Washington's Message
Washington – Said Arikat – 7/4/2026
In a rare scene combining historical symbolism and direct ideological confrontation, New York City Mayor, Zahran Mamdani, on Friday delivered a speech on the occasion of the 250th anniversary of the founding of the United States, from behind a desk belonging to George Washington, the first American president. The speech, around which newly naturalized citizens gathered, constituted a preemptive response to what President Donald Trump is expected to announce later from "Mount Rushmore," at a time when Trump continues his policy of deporting large numbers of immigrants during his second term.
Mamdani, born in Uganda and who obtained his American citizenship in 2018, recalled the successive waves of immigrants who built the city, speaking of the Irish fleeing a famine created by colonialism, the Chinese sailors who founded Chinatown, the Jews fleeing pogroms, and the Italians and Syrians seeking opportunity. He said they "made their homes here, and helped make New York," despite federal laws that sought to exclude them. The speech came days after the US Supreme Court rejected Trump's attempt to end birthright citizenship, a clear indication that the legacy of rights is not a relic of the past.
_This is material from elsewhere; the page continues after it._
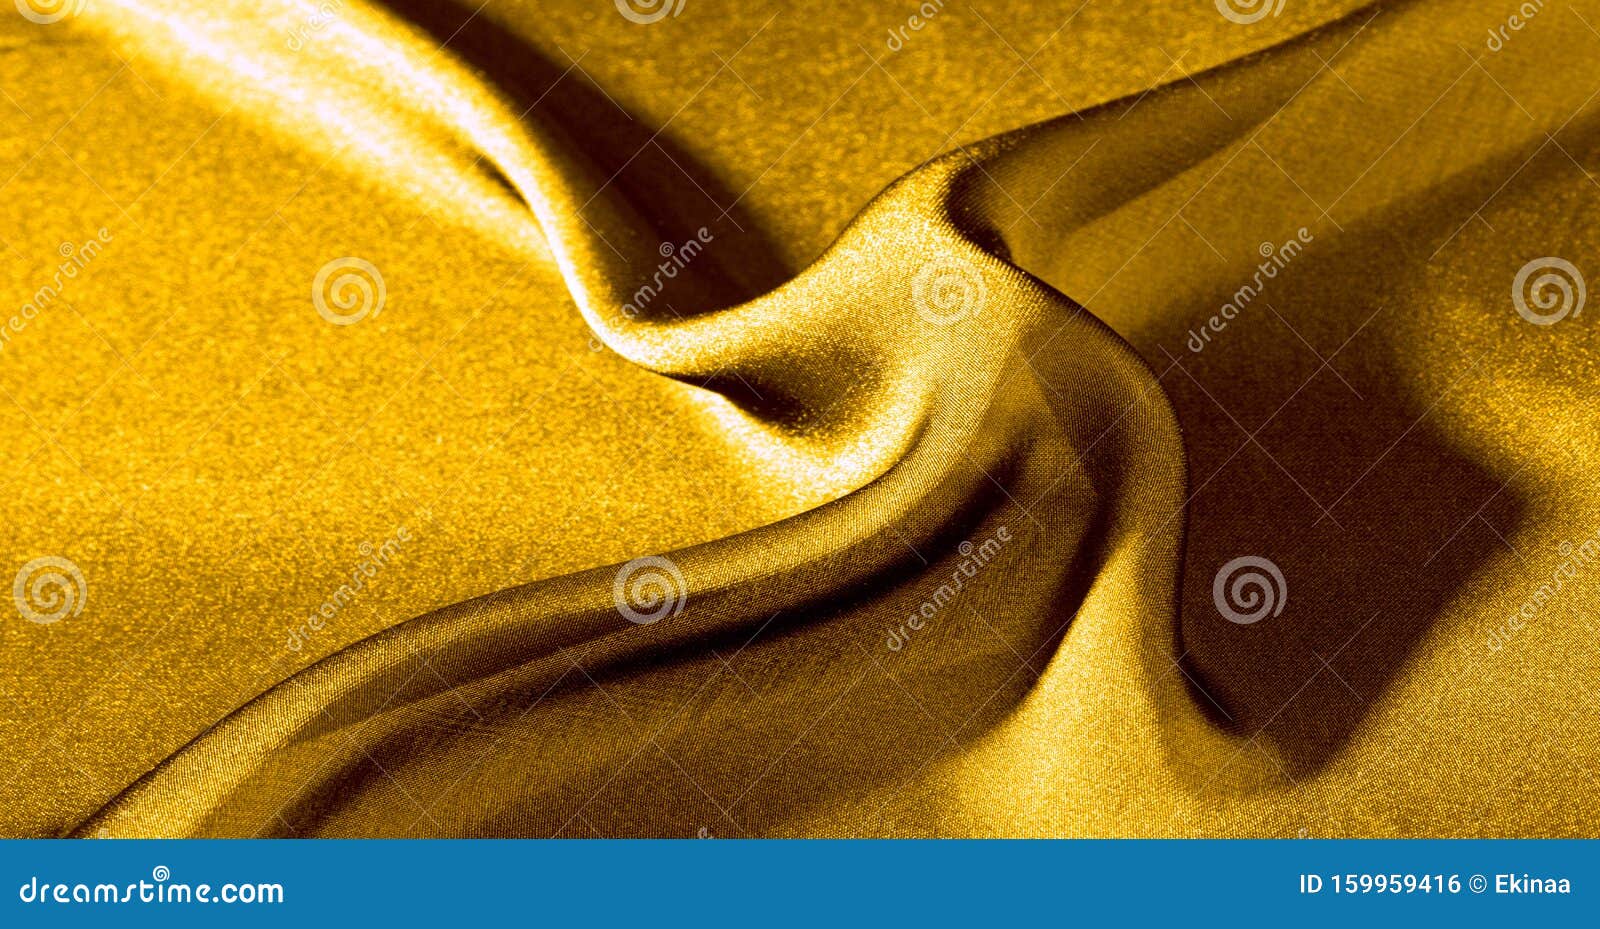 Background, Pattern, Texture, Wallpaper, Yellow Silk Fabric. Add a Touch of  Luxury To Any Design by Adding it To this Ultra-soft Stock Photo - Image of  luxury, cloth: 159959416

Mamdani went on to paint a picture of America that does not resemble the rhetoric of "greatness" promoted by Trump, saying that the powerful have always seen the country as "a field of superiority where freedom is allowed only to a select few, and where not everyone is created equal." Instead of celebrating Christopher Columbus, he praised explorers Verrazzano and Hudson, in a deliberate reshaping of the national narrative. He called on those gathered to use "their own power to define what America means," warning against the policy of division and fragmentation which he described as "the cheapest trick in politics."
The Mayor concluded his speech by offering an alternative definition of patriotism that radically contradicts exclusionary nationalism, emphasizing that "patriotism has never been a claim that our nation is flawless. Patriotism is every just protest, every march under the heavy sun, and every valid act of dissent a decade ahead of its time." This statement comes as Trump prepares to deliver a speech at a massive celebration at Mount Rushmore that includes fireworks, an aerial display, and a salute to the six branches of the armed forces, in a scene that will remain a landmark in the deep division over the meaning of the 250th anniversary.
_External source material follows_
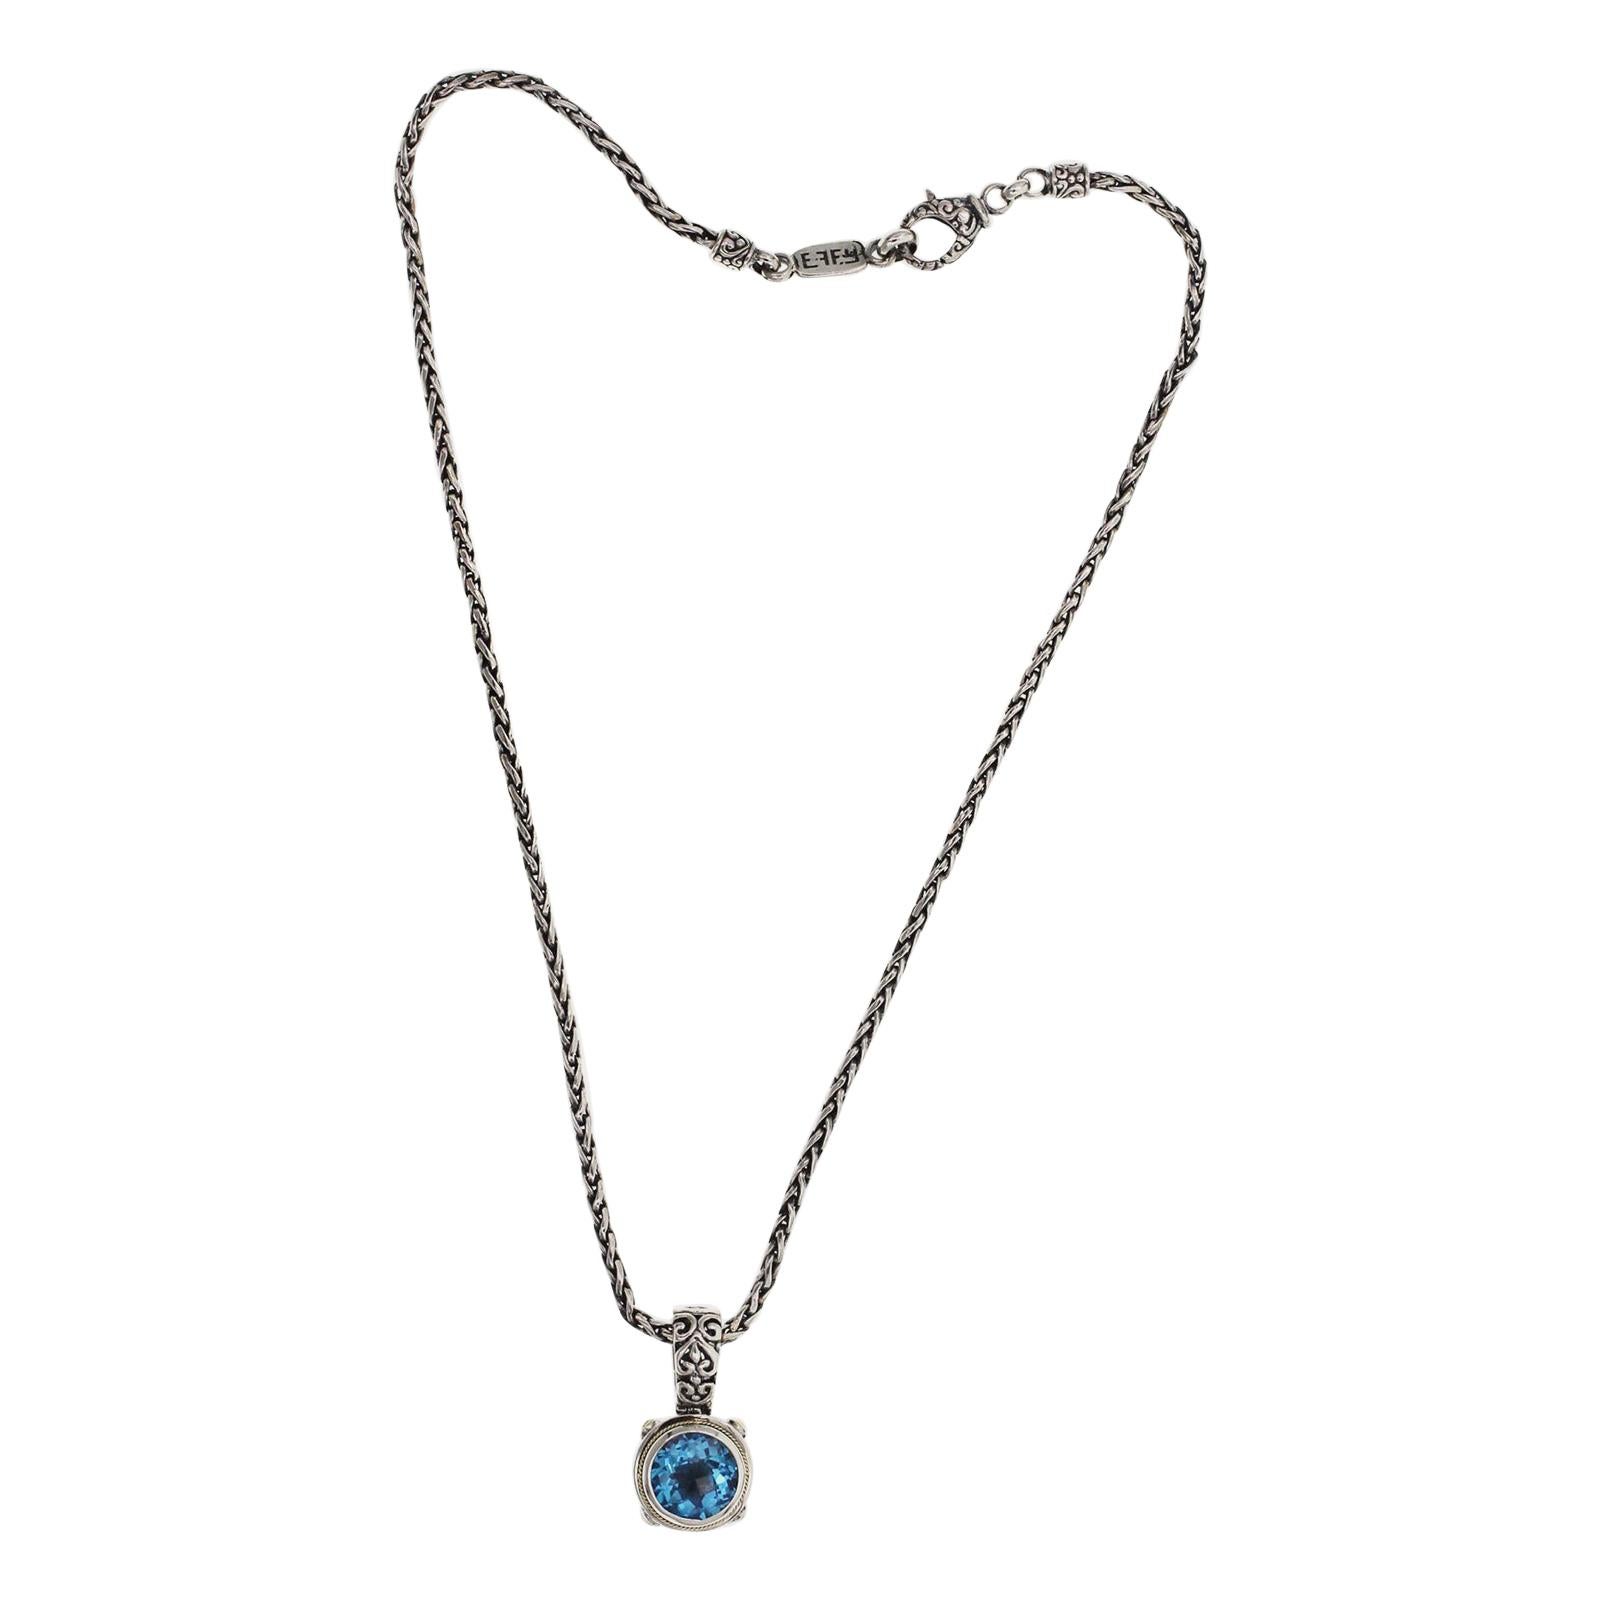 Effy Sterling Silver Curb Chain Necklace

The choice of George Washington's desk by Mayor Mamdani was not merely a fleeting archaeological detail, but rather an establishment of counter-legitimacy. Sitting behind the first president's desk, surrounded by newly naturalized citizens, creates a visual narrative that says the essence of the republic lies in its constant renewal through newcomers, not in its imagined purity. It is an act of appropriation of foundational symbolism by someone who belongs to backgrounds that have long been considered alien to the national narrative. By this act, Mamdani transformed Washington himself from an icon of the white elite into a witness to a pluralistic American transformation, and established a historical ground for his speech that populist rhetoric would find difficult to uproot without clashing with the legacy of the Founding Fathers themselves.
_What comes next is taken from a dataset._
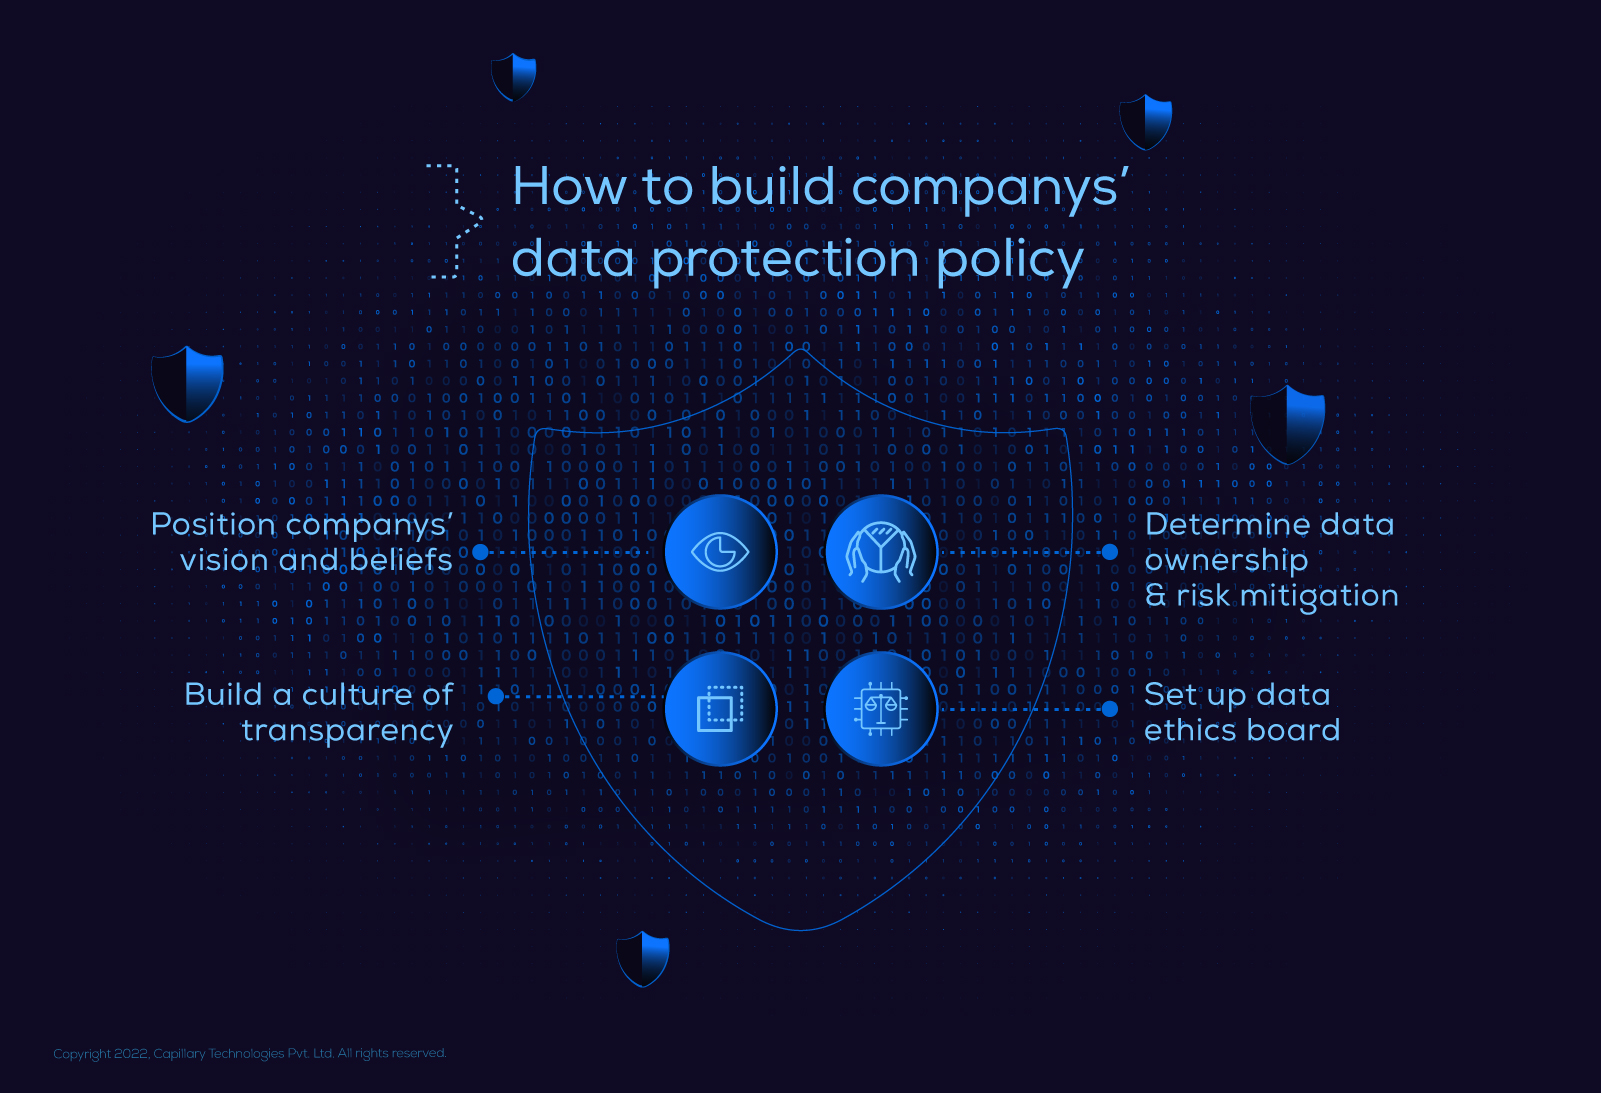 how to build companys' data protection policy

The timing of the speech carries dimensions beyond calendrical coincidence, as it comes just days after candidates supported by Mamdani's social democratic current won local elections within New York, and in major liberal cities such as Philadelphia, Denver, and Washington. These victories do not merely reflect dissatisfaction with the Democratic center, but rather indicate a thirst among a young and diverse urban base for a discourse that combines economic justice and immigrant rights in the face of Trump's policies. It seems that Mamdani is leveraging electoral momentum to present himself as a model for a national opposition that does not merely defend gains, but seeks to wrest the initiative of defining American identity from the grip of the nationalist right, a gamble that has not yet been fully tested.
Redefining patriotism as "just protest" and "a march under the heavy sun" represents a profound shift in progressive rhetorical strategy, which has long been accused of hesitation in embracing the language of national pride. Here, Mamdani does not abandon the concept of love of country, but re-frames it so that radical critique becomes the highest form of loyalty. This formulation targets a segment of Americans exhausted by the dichotomy of "blind love" or "declared hostility" towards the country, and establishes a political project that sees pluralism and accountability as the essence of national strength, not a threat to it. And if Trump's speech at Mount Rushmore will elevate the rocks of the ancestors, Mamdani's speech reminds us that it is the river that carved those rocks.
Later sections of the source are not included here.